So the FDA panel voted 17 to 4 with one abstention to approve the Pfizer vaccine. But that still isn’t official FDA approval, which is expected to come “within days.” (Why not tonight? Does the FDA brass have something more important on their schedules?)

From the New York Times Friday morning:

Covid-19 Live Updates: F.D.A. Expected to Issue Pfizer Vaccine Authorization on Friday Evening

The accelerated timeline comes after President Trump’s chief of staff threatened the F.D.A. head’s job if he didn’t get it done on Friday. The Trump Administration will buy another 100 million doses of Moderna vaccine.

The Food and Drug Administration accelerated its timeline for issuing an emergency authorization for Pfizer’s Covid-19 vaccine after President Trump’s chief of staff, Mark Meadows, told Dr. Stephen M. Hahn, the agency’s leader, to consider looking for another job if the vaccine was not approved Friday, according to a senior administration official.

Regulators had been planning to authorize the vaccine for emergency use early Saturday. But on Friday morning, Dr. Hahn told officials at the agency’s Center for Biologics Evaluation and Research to act by the end of the day, according to one person familiar with his directive.
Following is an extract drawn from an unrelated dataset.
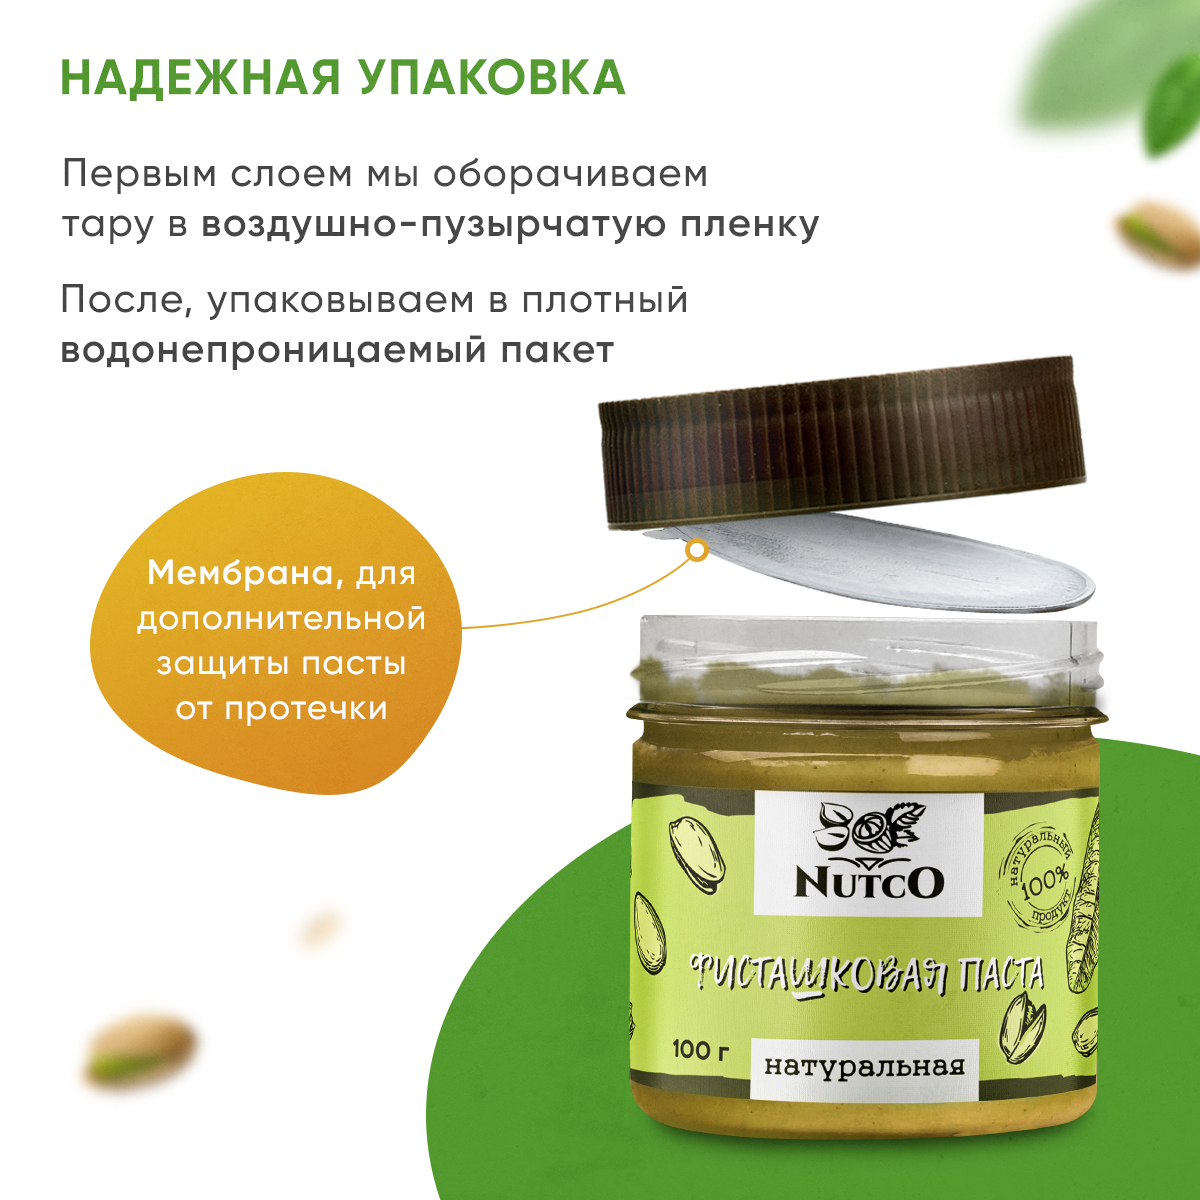 Фисташковая паста Nutco натуральная без сахара без добавок 100 г - фото 5

It is unclear whether shaving a half-day off the timetable for authorization would speed up the delivery of vaccine shipments to sites around the country or simply placate the White House’s desire for action. Several officials said that the delivery timetable was already set.

The pressure also did not alter the outcome of the process. F.D.A. had already determined it would approve Pfizer’s vaccine for emergency authorization after an advisory panel of experts on Thursday recommended that it do so, according to multiple administration officials.

But it nonetheless showed that even at the 11th hour, the White House was unwilling to allow regulators the independence to work according to their own plan as they processed key documents, including instructions to physicians for use of the vaccine and a fact sheet on the product.

Can you imagine how bad the anti-vax propaganda in the New York Times would be if Pfizer had announced its vaccine worked on November 2 and that had flipped 1 out of every 300 votes, giving Trump a 269-269 Electoral College tie and likely victory with House delegations voting by state? The mainstream media would be screaming right now about how nobody can trust the vaccine.

You can understand why Pfizer shut down lab work on the World’s Most Important Trial from late October until the day after the election, when it discovered belatedly that it had more cases on hand than it had specified for the first, second, and even third interim analyses.

From the New York Times Friday evening:

F.D.A. Clears Pfizer Vaccine, and Millions of Doses Will Be Shipped Right Away
An initial shipment of about 2.9 million doses of the vaccine will be sent around the United States over the next week.

By Katie Thomas, Sharon LaFraniere, Noah Weiland, Abby Goodnough and Maggie Haberman
Dec. 11, 2020, 9:10 p.m. ET

The Food and Drug Administration authorized Pfizer’s Covid-19 vaccine for emergency use on Friday, according to three people with knowledge of the decision who spoke on condition of anonymity because they were not authorized to discuss it. The action means millions of highly vulnerable people will begin receiving the vaccine within days.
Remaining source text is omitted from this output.